Advocaat Walter Van Steenbrugge heeft in een brief aan de minister van Justitie gevraagd om een onderzoek in te stellen naar zijn vervolging in de zaak rond het drugslab in Lendelede. De Brugse afdeling van het parket van West-Vlaanderen wilde Van Steenbrugge als lid van de criminele organisatie voor de correctionele rechtbank brengen, maar de advocaat werd door de raadkamer op 19 augustus buiten vervolging gesteld.

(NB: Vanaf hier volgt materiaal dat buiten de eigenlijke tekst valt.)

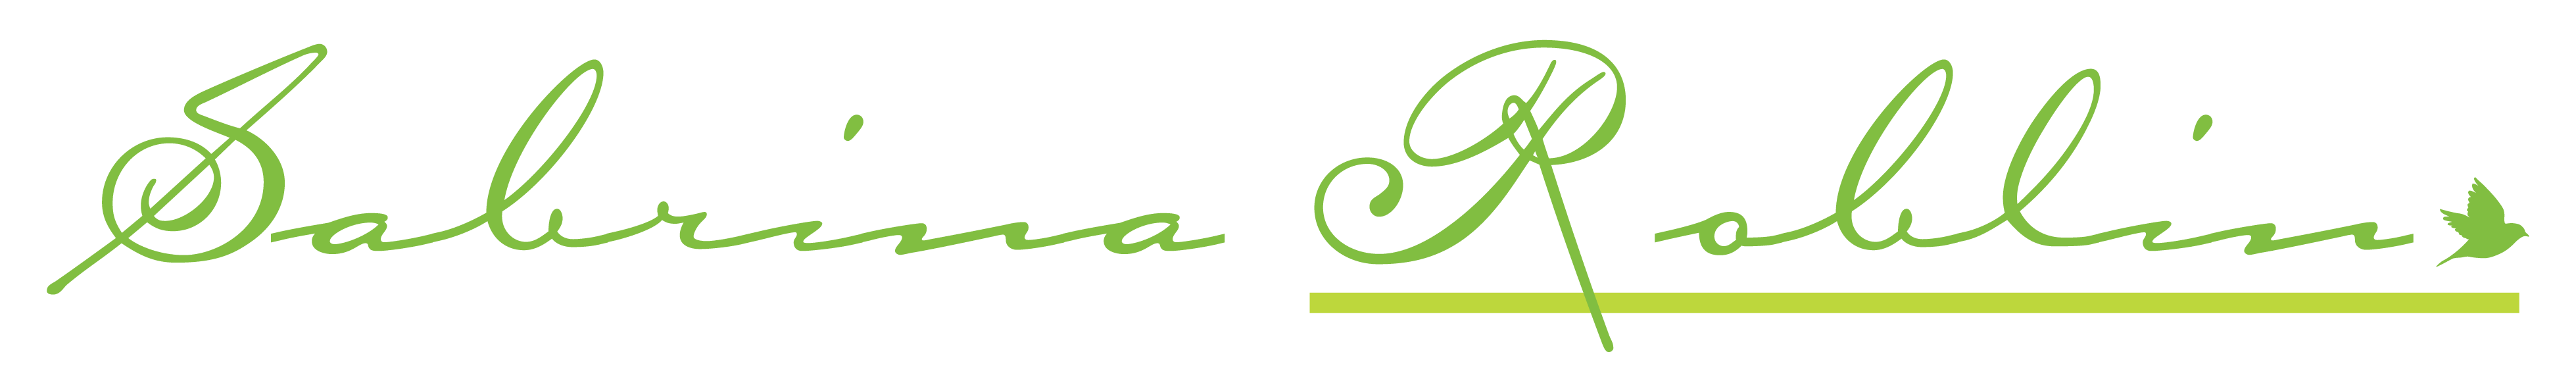 sabrina roblin logo

In een persbericht omschrijft meester Van Steenbrugge de demarche van het openbaar ministerie als lichtzinnig en zinloos. “De raadkamer oordeelde dat het zelfs niet nodig was deze vervolging aan de rechtbank voor te leggen”, klinkt het.
Beslissing definitief
Ondertussen is die beslissing ook definitief, want het OM besliste om geen beroep aan te tekenen. Tegen de buitenvervolgingstelling van een andere advocate is er wel beroep.
Alles draait rond een gerechtelijk onderzoek naar de productie en export van verdovende middelen. Op 8 september 2020 werd tijdens een reeks huiszoekingen een groot lab voor de productie van synthetische drugs opgerold op een boerderij in Lendelede. In een oude varkensstal kon tot twee ton amfetamines geproduceerd worden.
Oostendenaar in voorhechtenis
In totaal werden al 23 verdachten naar de correctionele rechtbank verwezen. De vermoedelijke spilfiguren, een Oostendenaar en een Nederlander, zitten nog steeds in voorhechtenis.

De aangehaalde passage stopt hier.